Phase 11 β€” integration: GitLab + keychain + WKD + hot-reload β€” M (splittable)

  • GitLab nested-group / Enterprise auth + PR/release-asset integration (headline capability, currently unit-only).
  • OS keychain real round-trip + runtime resolution-precedence (envβ†’keychainβ†’literalβ†’fallback) β€” today mock-only (keyring.MockInit).
  • WKD resolver against a real static openpgpkey host (today httptest-only).
  • Config hot-reload (Observable/fsnotify) β€” mutate a real file, assert observers fire (today unit-only).

P2 β€” Hygiene & lower-risk

Phase 12 β€” generator AST unit tests β€” S

internal/generator/ast_extract.go pure AST walkers at 0%: evaluateTimeBinaryExpr, containsCall, extractCallTarget, fallbackFindTargetFunction, isCobraCommandConstructor, processDeclStmt, markFlagHidden, processCobraKey (33%). No I/O β€” cheap table tests over parsed-source fixtures; a silent mis-parse here produces subtly wrong scaffolds.
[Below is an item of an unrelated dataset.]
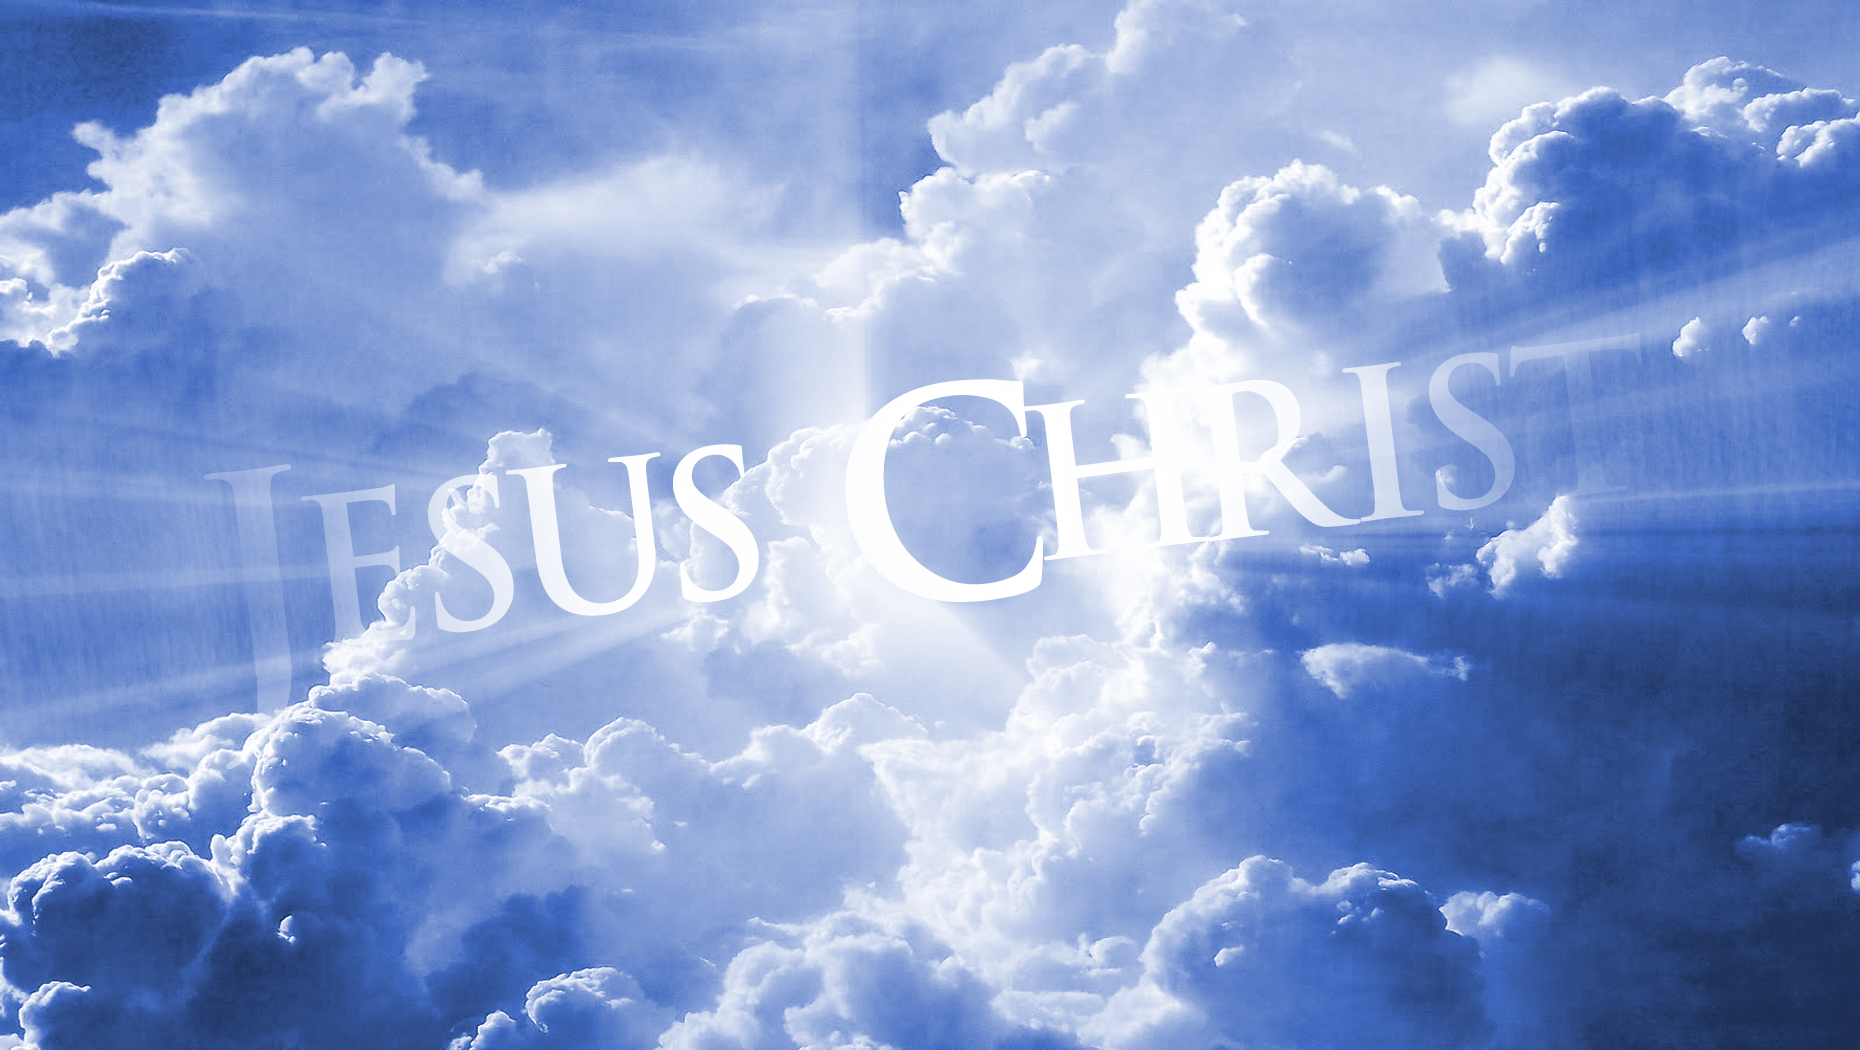 Jesus Christ Sky Hd Wallpaper

Phase 13 β€” BDD smoke for remaining commands β€” S

changelog, mcp (default-enabled, no scenarios); init ai/init github/init bitbucket non-interactive --skip-* outcome paths (the e2e binary already enables these wizards for exactly this); controls shutdown-timeout-exceeded forced-termination.
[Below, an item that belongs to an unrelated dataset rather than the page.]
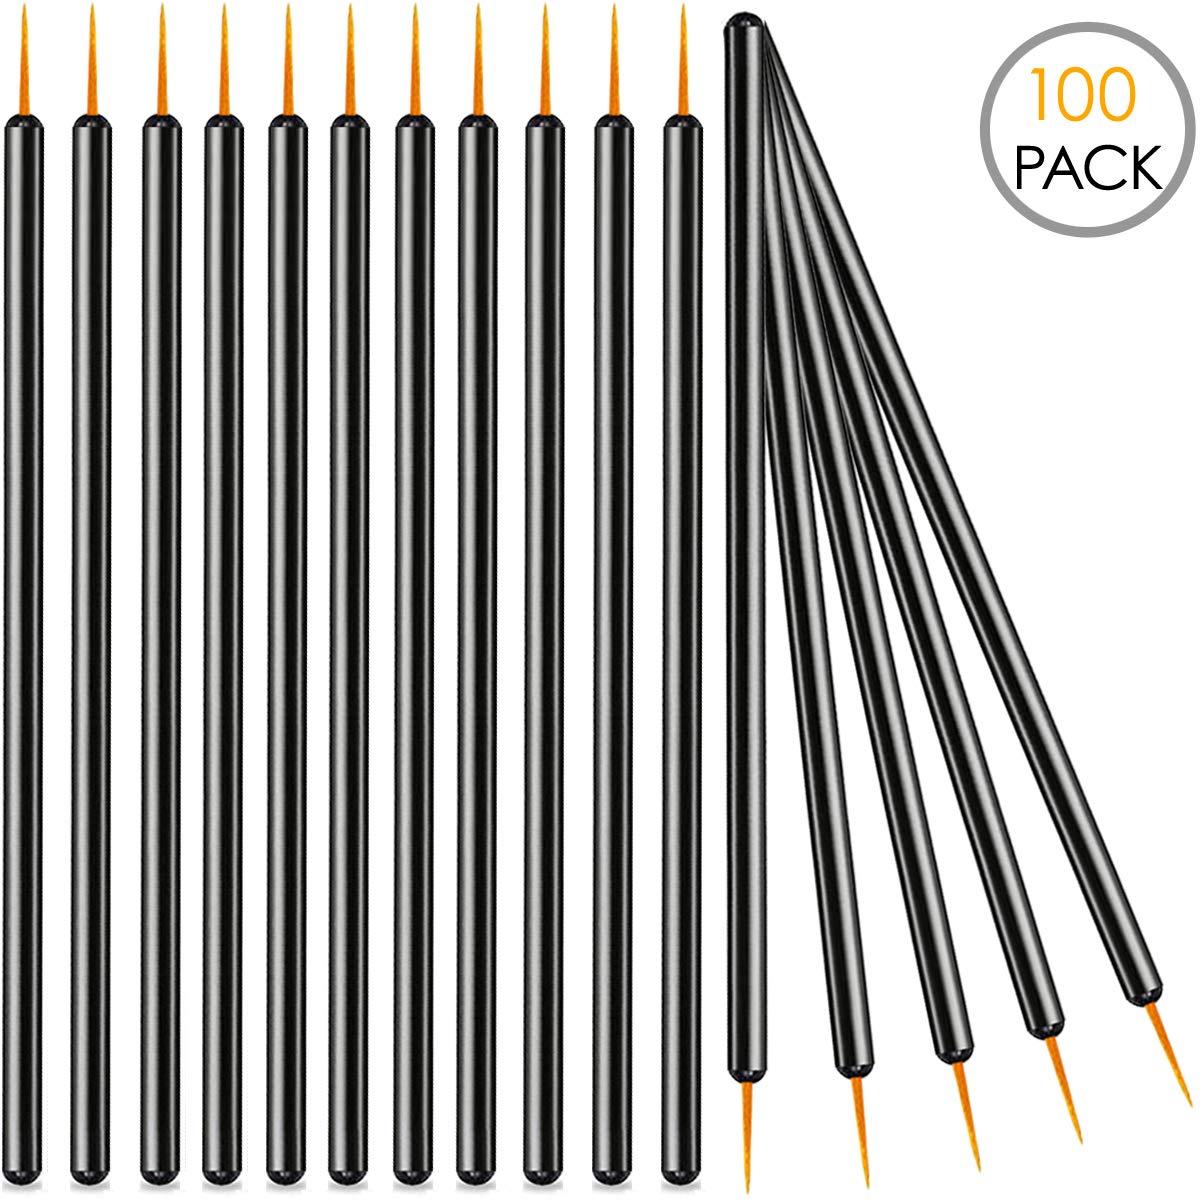 KINGMAS 100 Pack Disposable Eyeliner Brushes Applicator Makeup Eye Liner Wands

Phase 14 β€” integration-test hygiene/doc drift β€” XS–S

  • Rename the 4 convention-violating files to *_integration_test.go (pkg/config/integration_test.go, pkg/controls/{integration,shutdown}_test.go, pkg/cmd/root/integration_test.go) so the find sweep the convention relies on works.
  • Document the signing and generator_build tags (the project's best real-dependency coverage, currently invisible to reviewers).
  • Correct docs/development/integration-testing.md: chat tests do not require API keys (httptest/in-process); fix the INT_TEST_E env-table parsing artifact; mark Bitbucket/Gitea sections honestly as unimplemented.

Phase 15 β€” chat live-provider coverage (optional, gated) β€” M

Real Anthropic/OpenAI/Gemini SSE + auth-mode integration behind keys (today zero live coverage). Lower priority because providers are external/costly; pair with the Phase 14 doc correction so the gap is at least honestly recorded.


Notes

  • Phases 1–3 + 12 are quick, pure, high-value β€” recommend bundling the truly-tiny ones (Phase 1) into the immediate cleanup.
  • Phases ⅚/11/15 require live credentials/runners β€” schedule against CI secrets availability.
  • pkg/forms, pkg/docs (Bubble Tea), wizard/AI-orchestration paths, and skeleton string-emitters are intentionally left to E2E/integration rather than unit β€” not policy violations to chase.
  • pkg/signing/kms.NewSigner and (b *backend).NewSigner (both 0%) are thin AWS-config-load wrappers around the already-100%-covered newSigner(ctx, client, keyID); like browser.defaultOpener, they are untestable in unit without real AWS and are excluded from the policy chase.
  • Cross-reference: this plan supersedes the testing-related items noted in the 2026-06-12 audit plans for the areas it covers.